▶ **EXERCISE**:
Pictures should be left out while the data beneath this task is written out word for word.

▶ **MATERIAL PROVIDED**:
--- --- ---
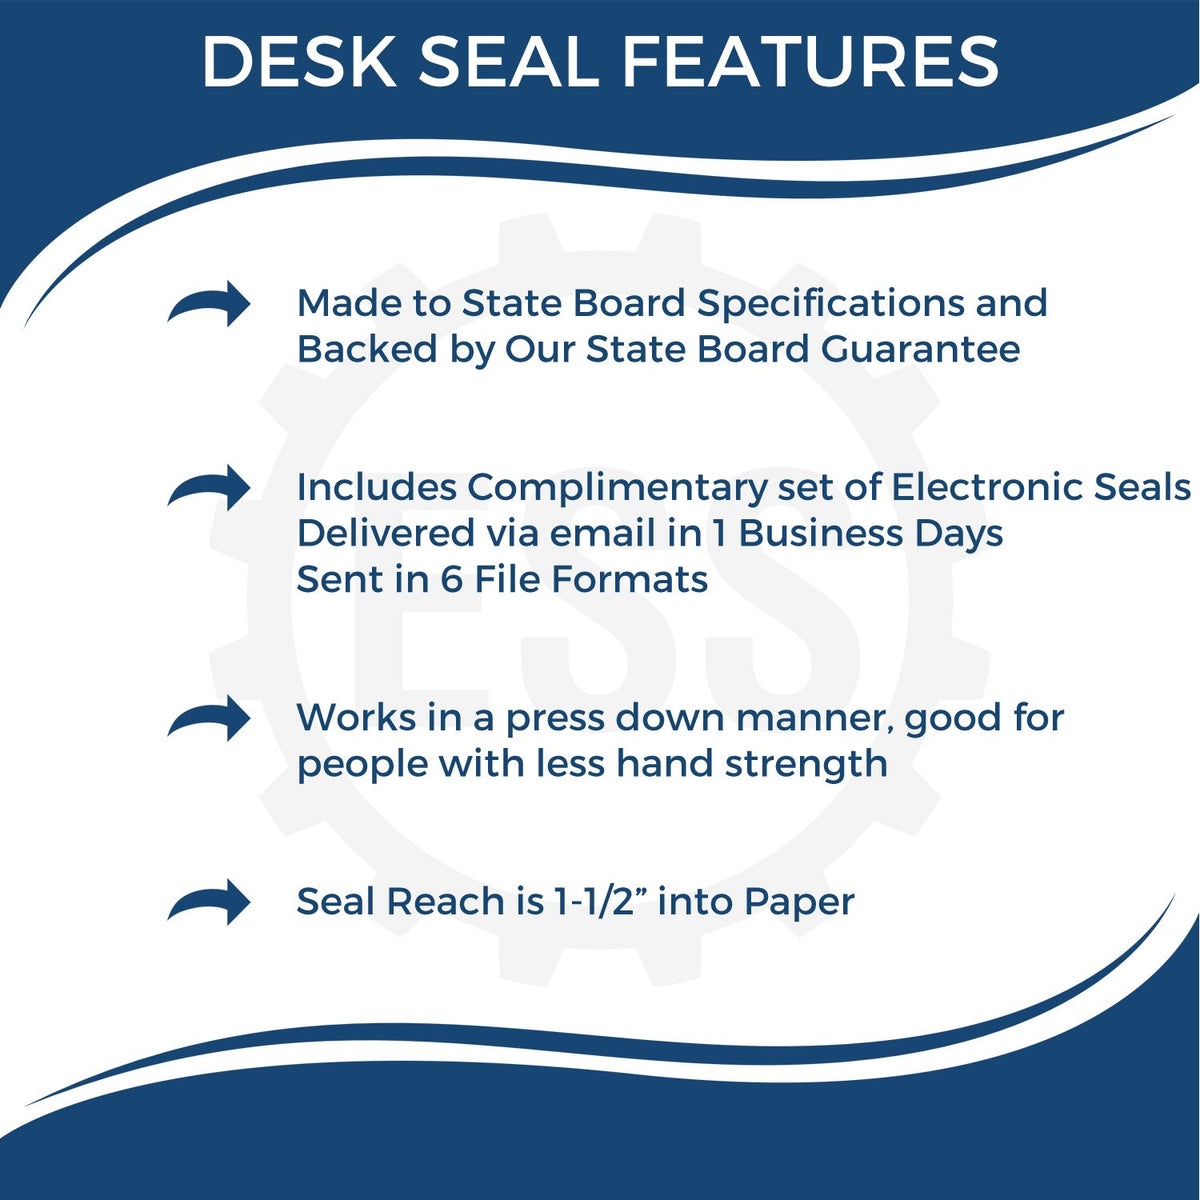 North Carolina Engineer Desk Seal
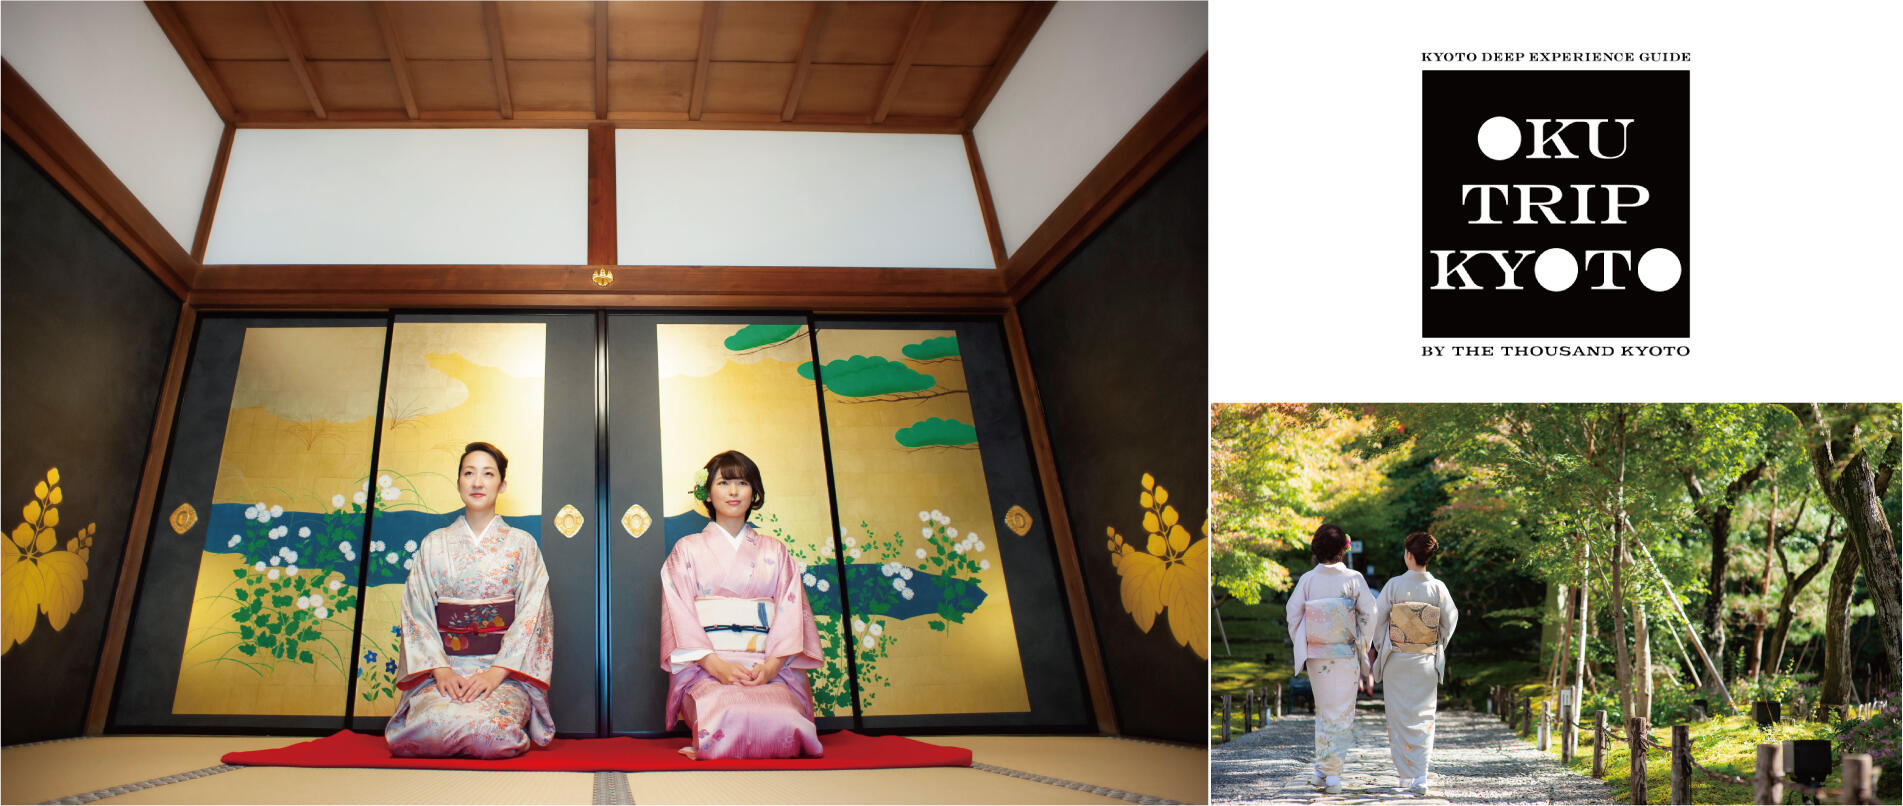 Kimono Rentals - Travel Kyoto in a Kimono
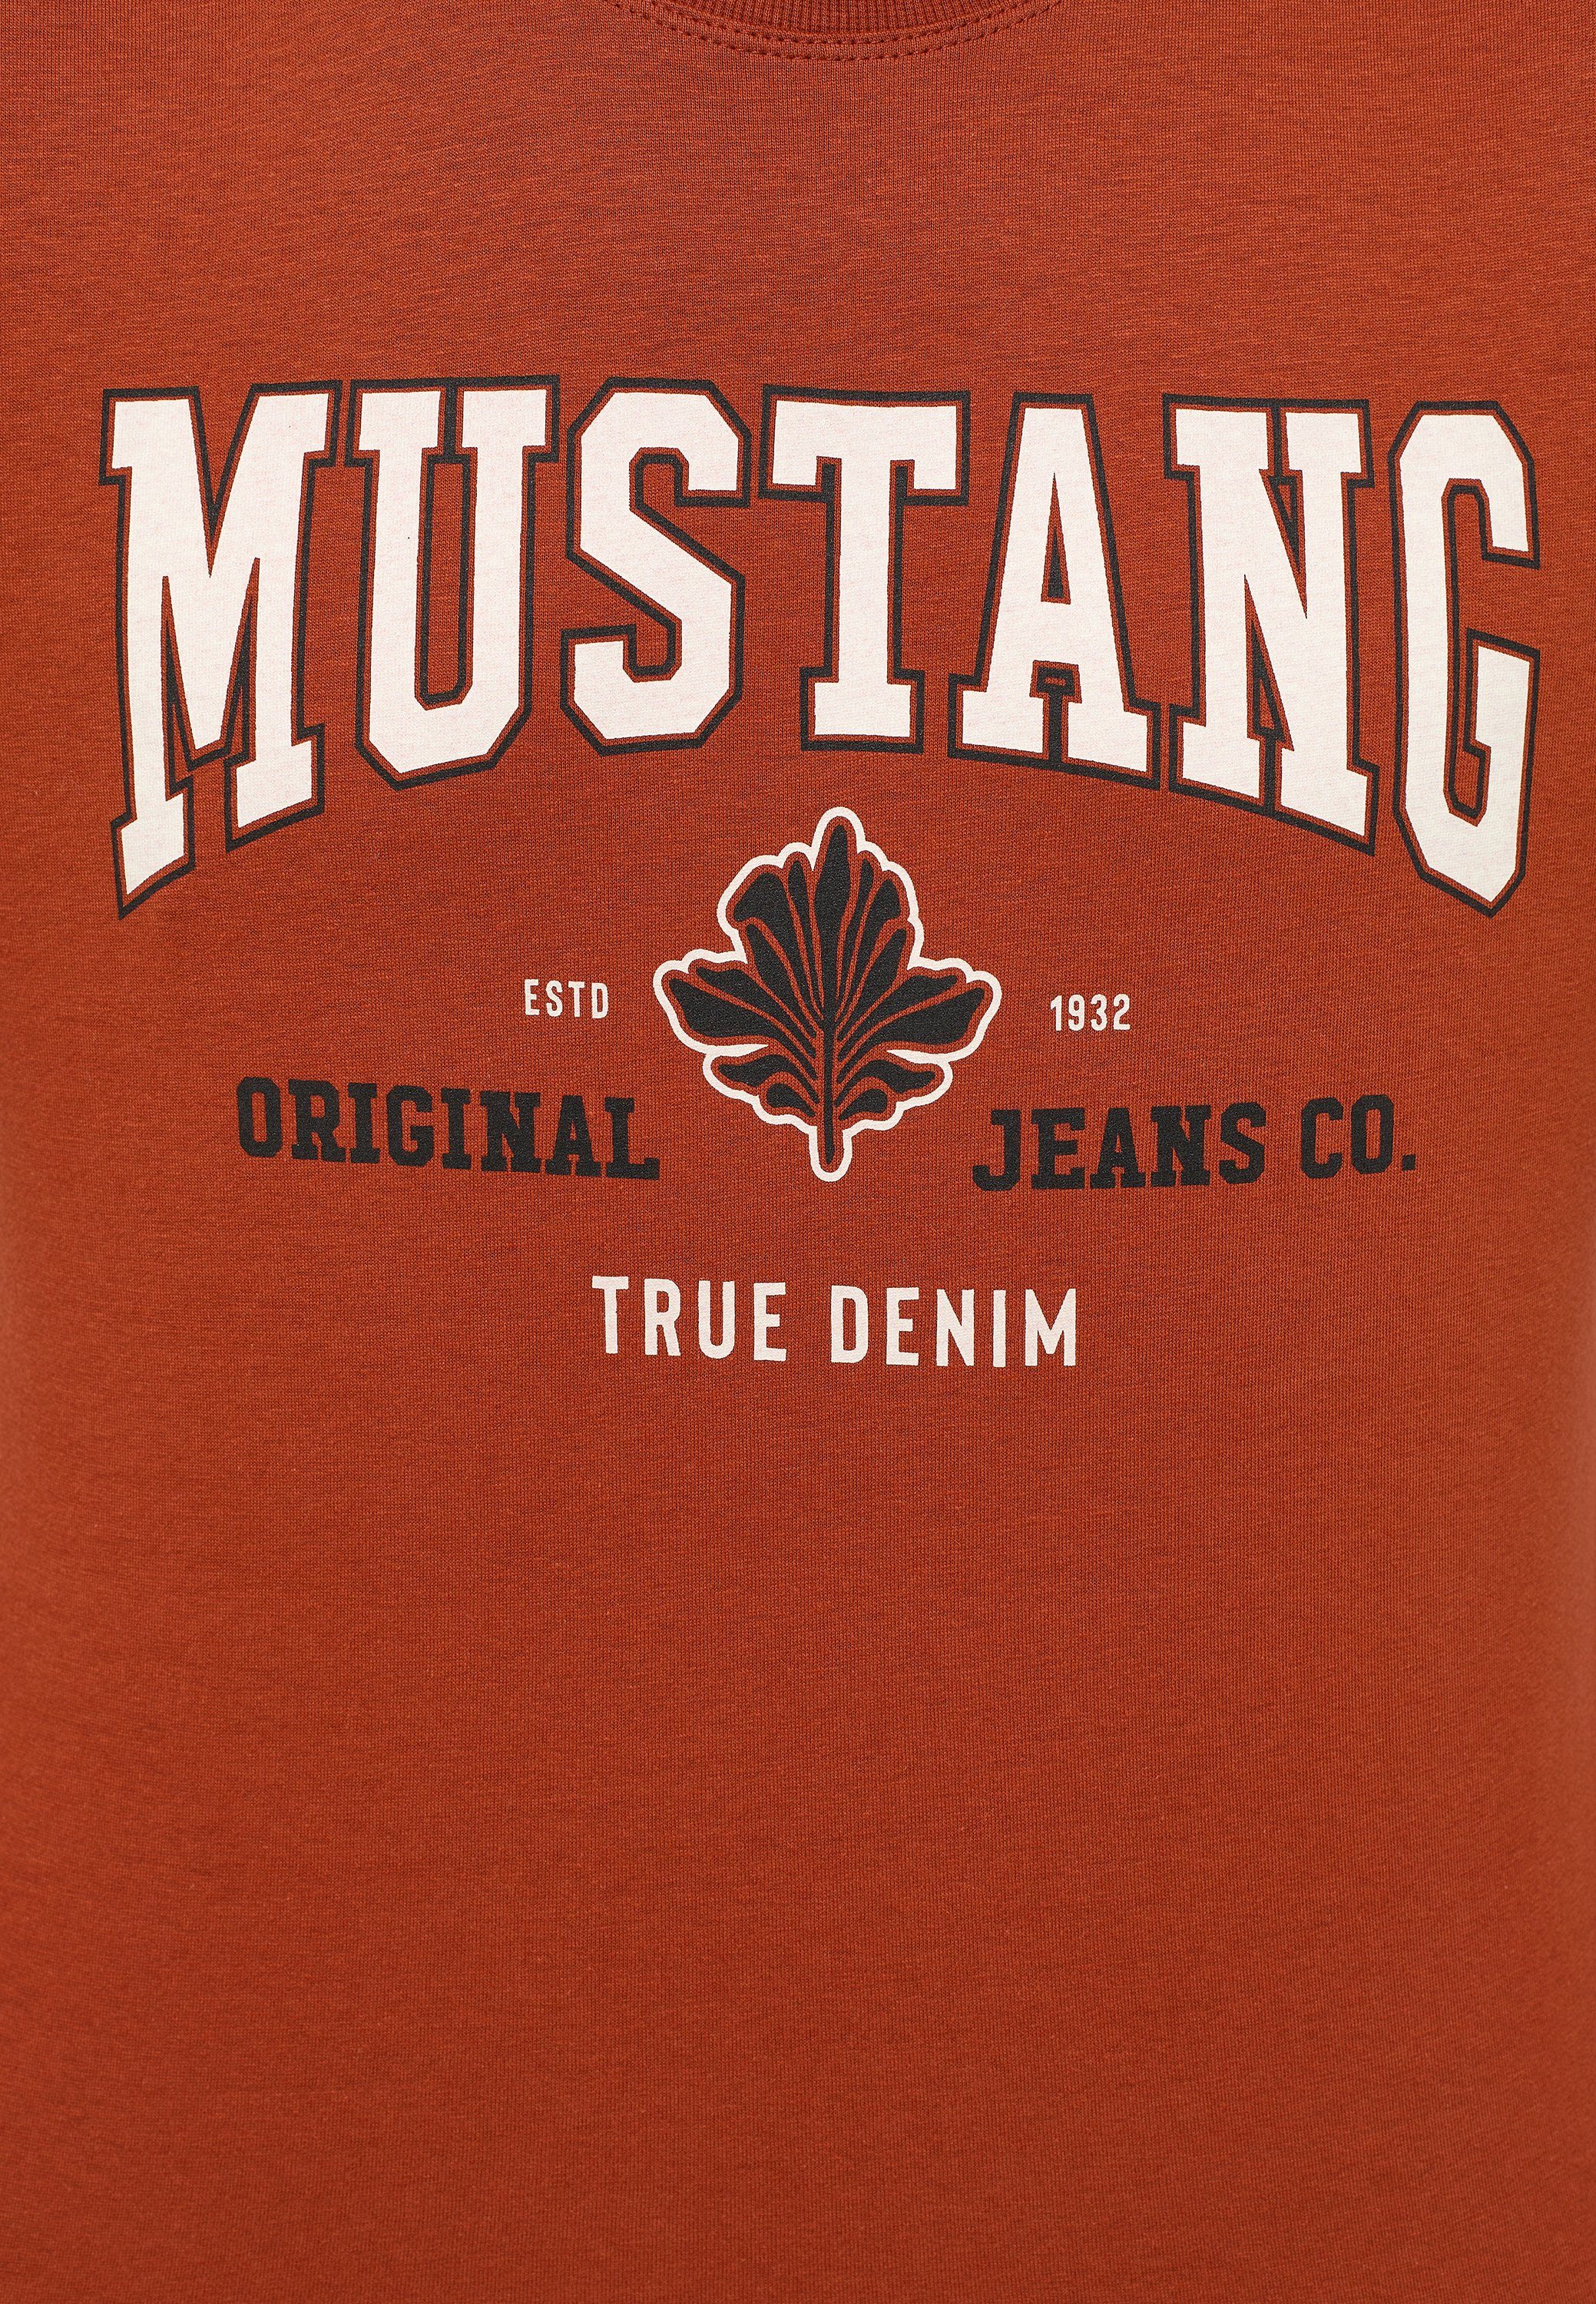 Print-Shirt Kurzarmshirt braun Mustang MUSTANG
--- --- ---
▶ **REPLY TO THE EXERCISE**:
 North Carolina Engineer Desk Seal
 Kimono Rentals - Travel Kyoto in a Kimono
 Print-Shirt Kurzarmshirt braun Mustang MUSTANG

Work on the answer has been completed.